◆ Exercise ◆
Print exactly the lines from the one that contains "Bed With Built" through the final line of the entries below, both included, and nothing else; omit the pictures.

* * * * * * *

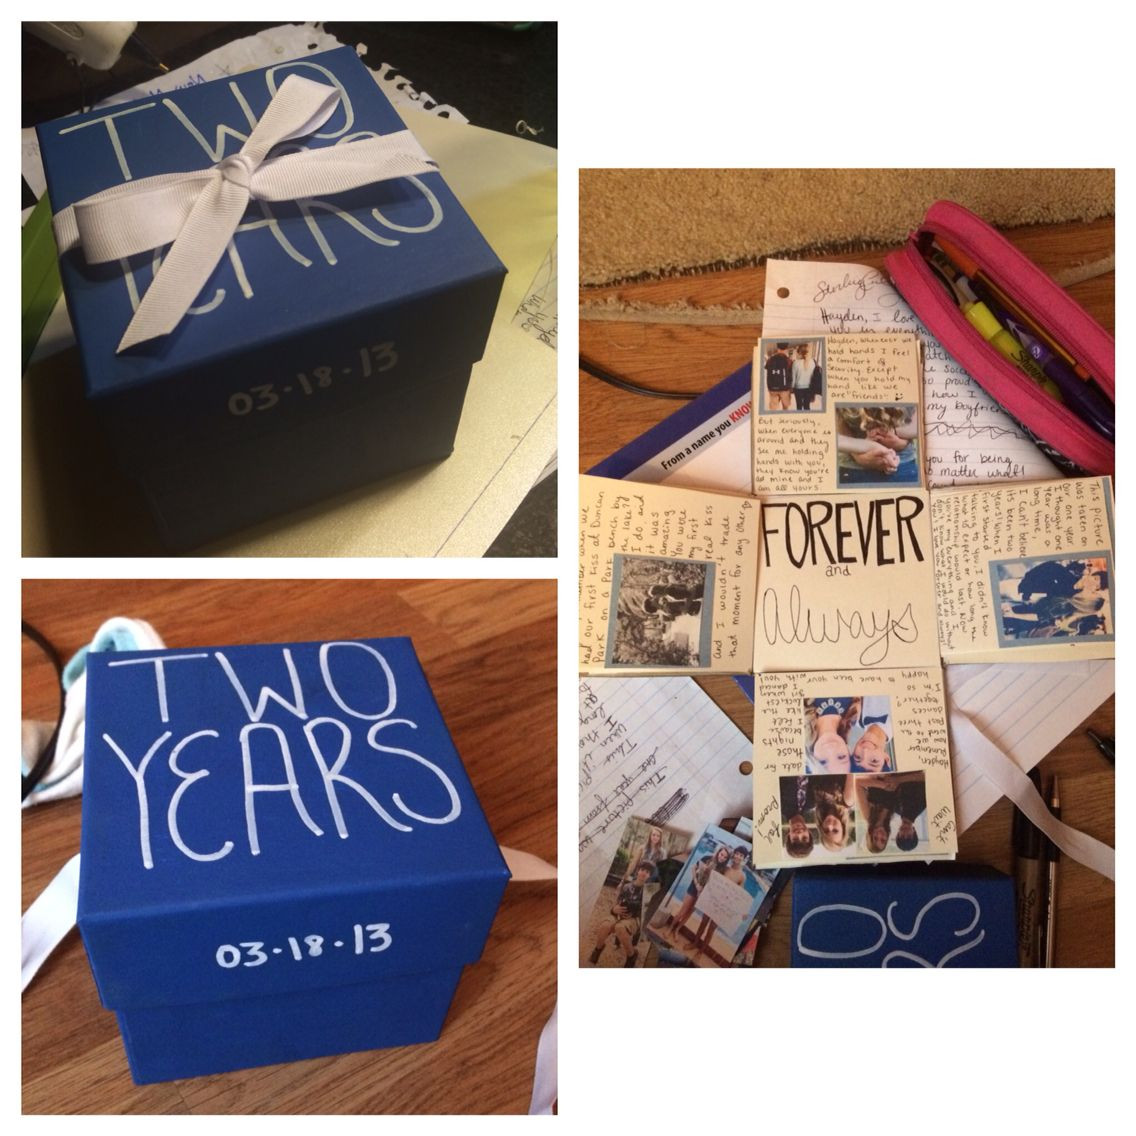 2 Year Anniversary Gift Ideas For Him
 Anniversary box For my boyfriend and I s 2 year I made
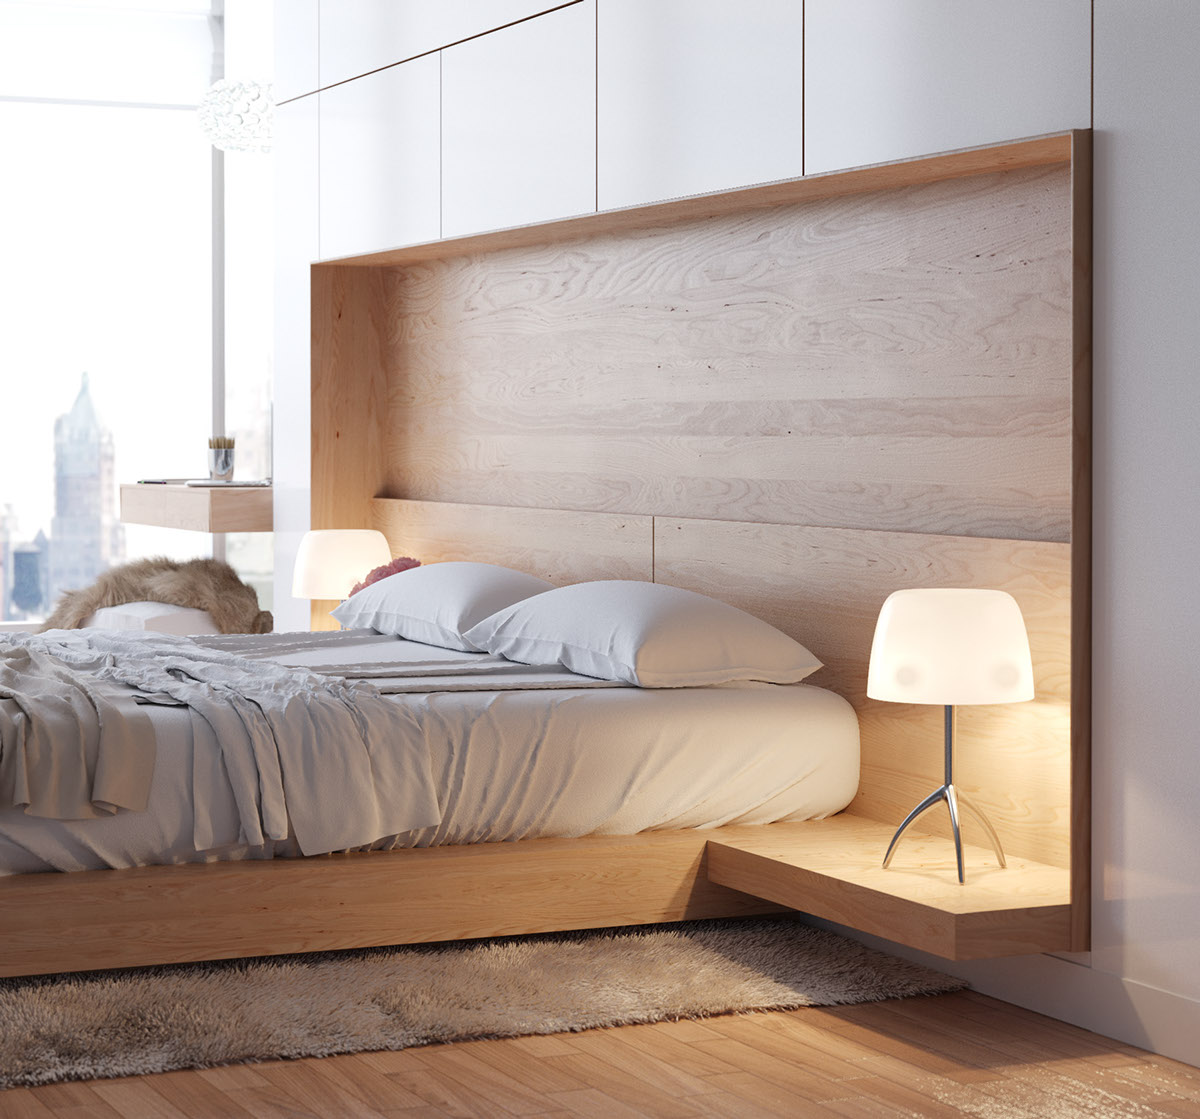  Bed With Built In Side Tables for Simple Design
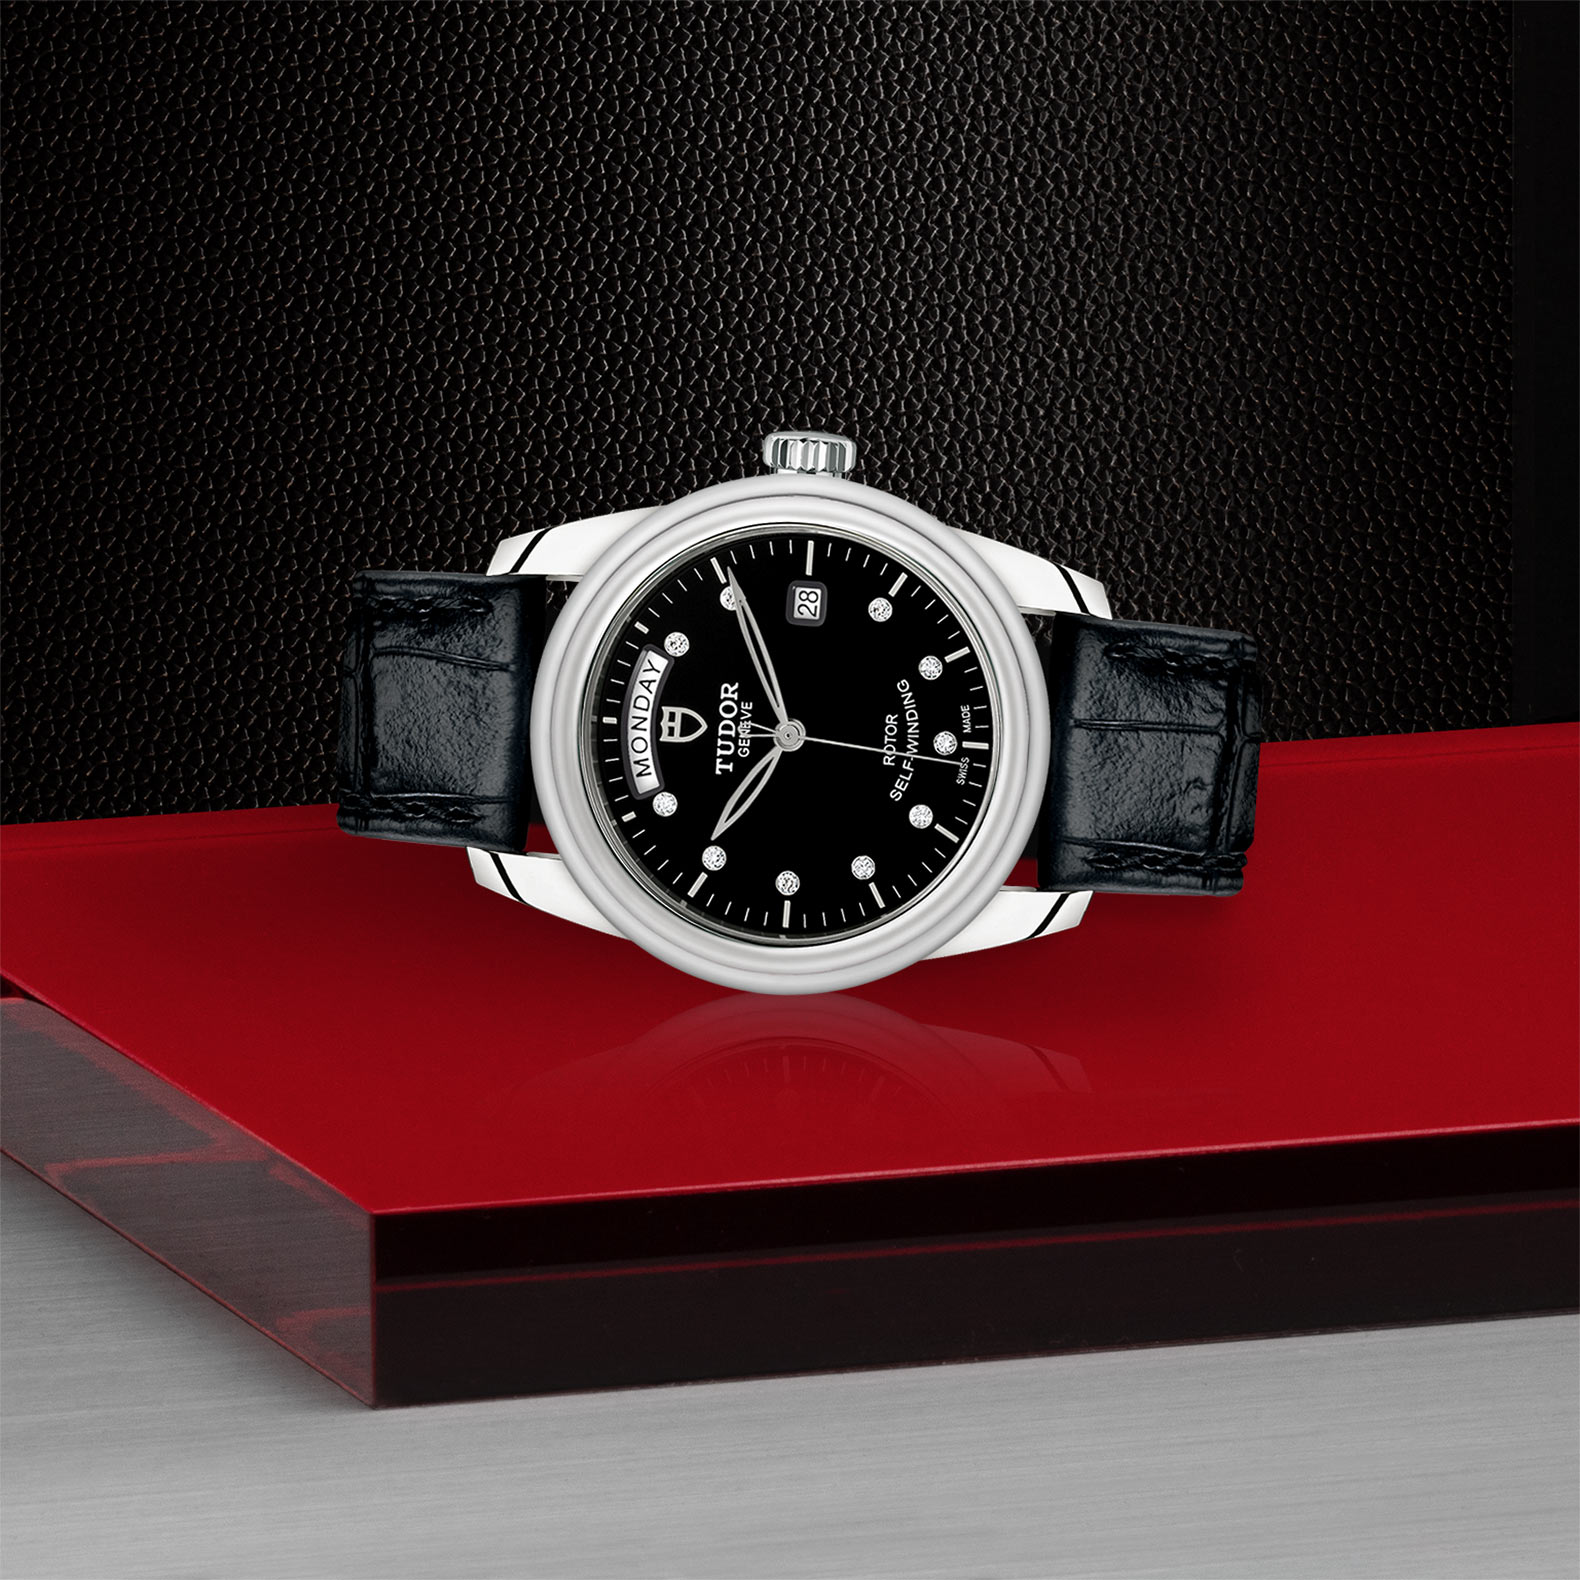 Tudor Glamour Date+Day M56000-0049
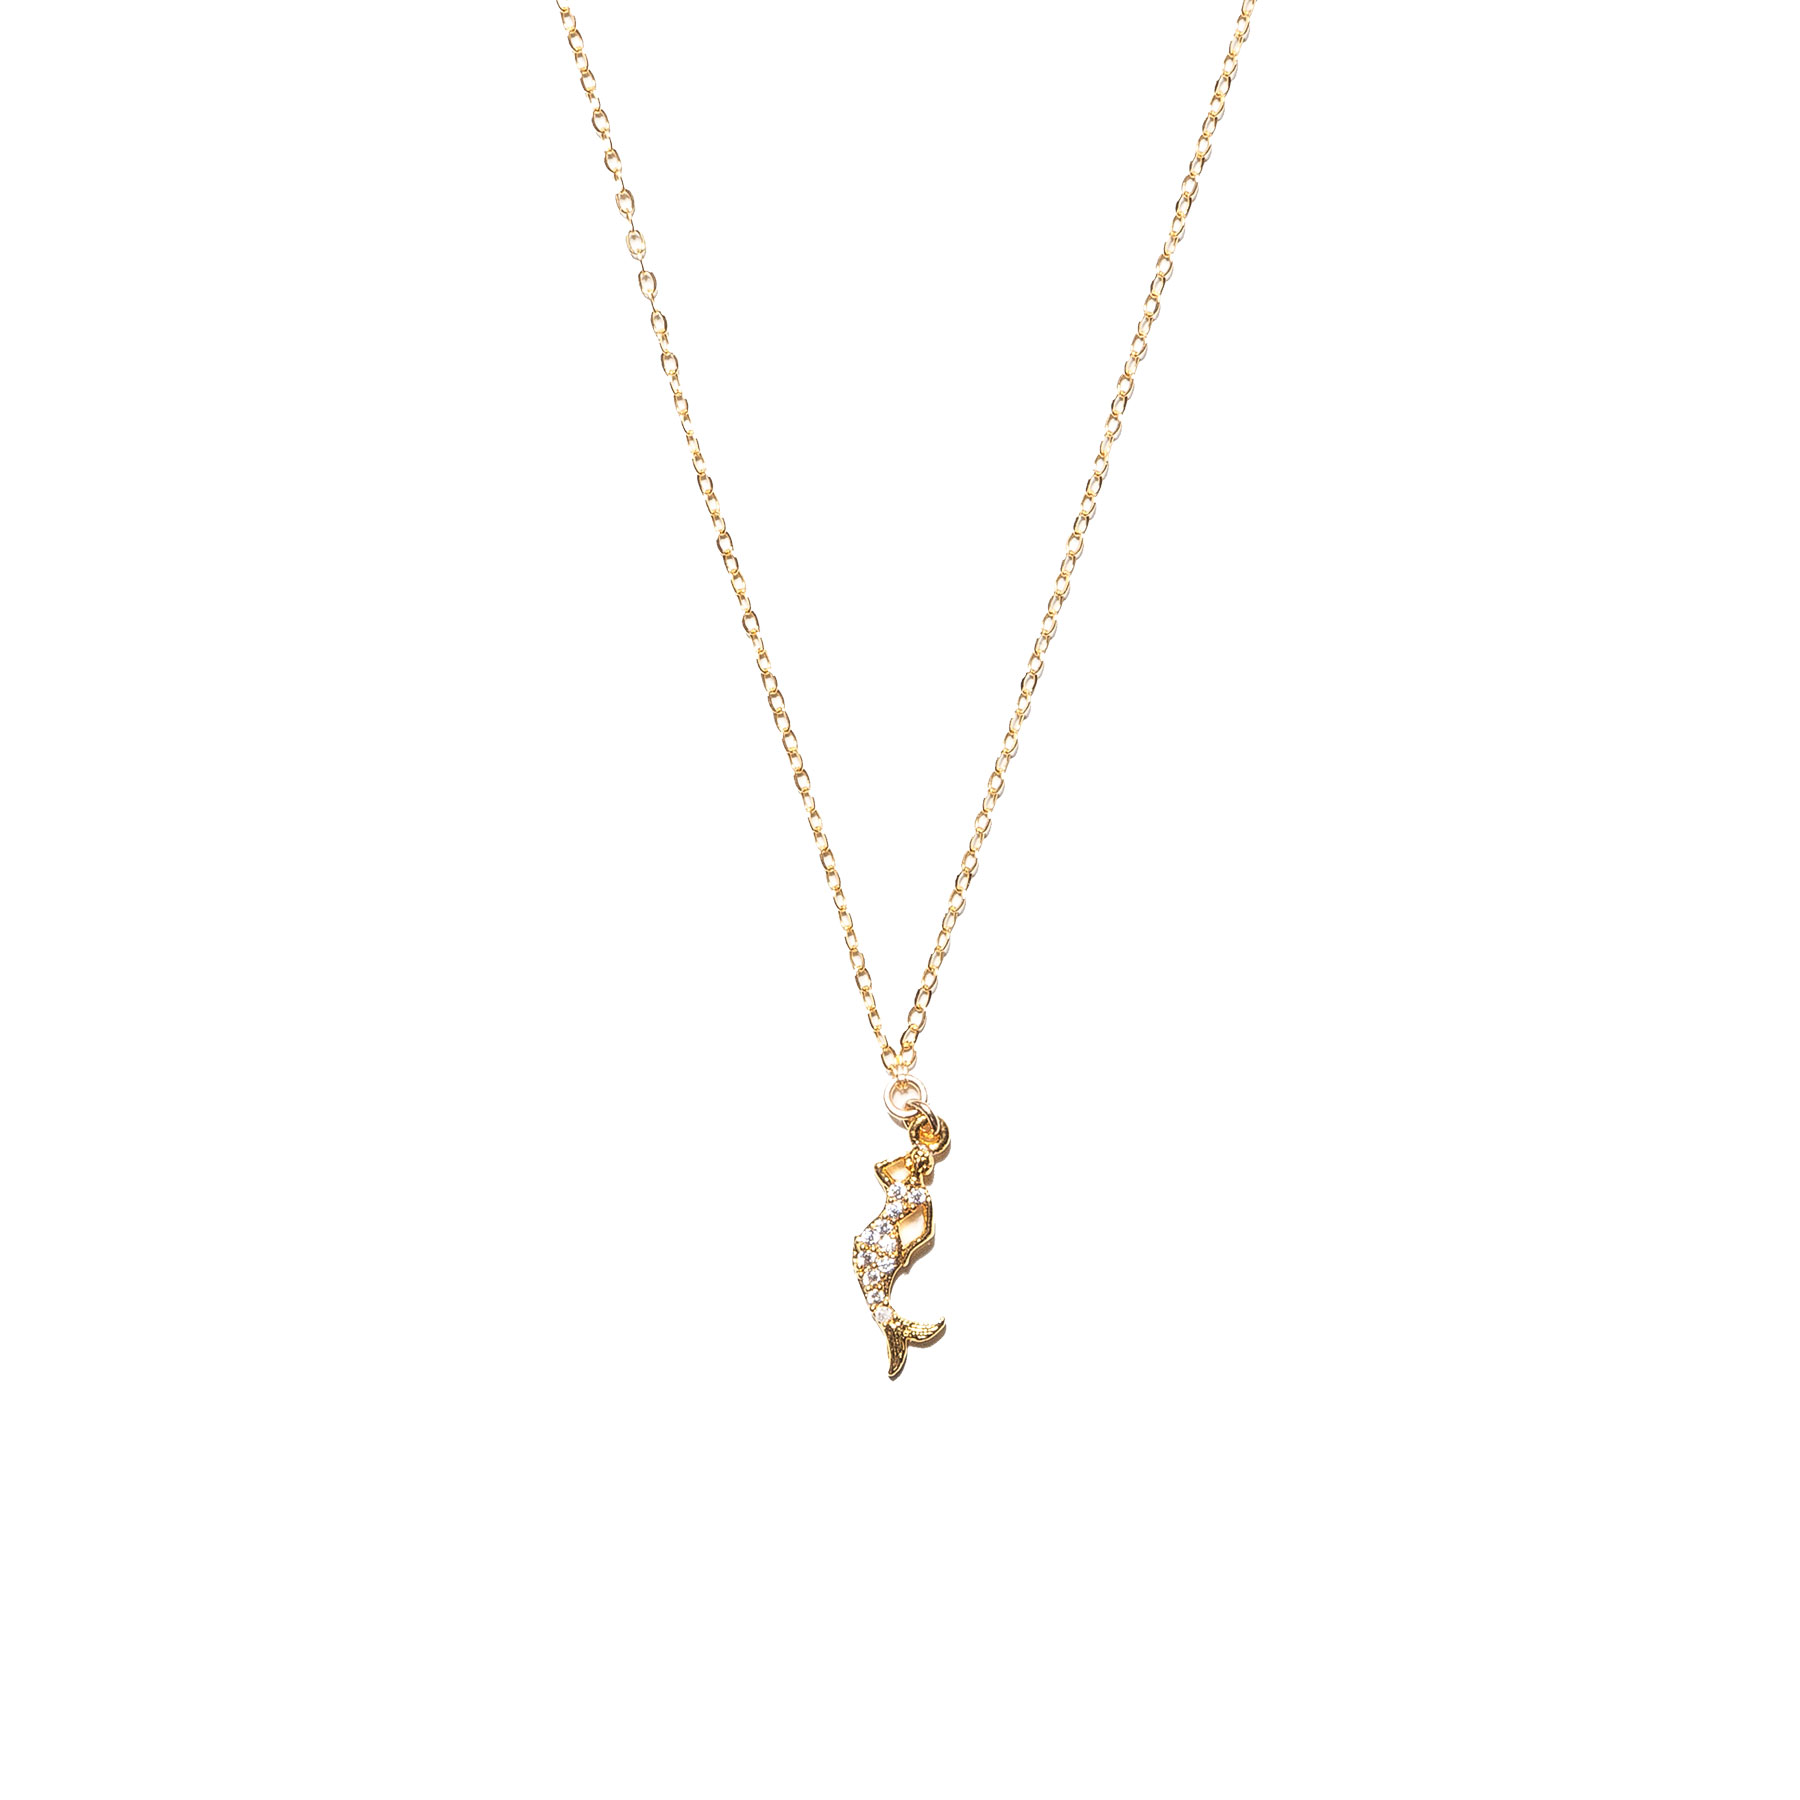 Disney's The Little Mermaid 18k Gold Plated Charm Necklace

* * * * * * *

◆ Worked solution ◆
  Bed With Built In Side Tables for Simple Design
 Tudor Glamour Date+Day M56000-0049
 Disney's The Little Mermaid 18k Gold Plated Charm Necklace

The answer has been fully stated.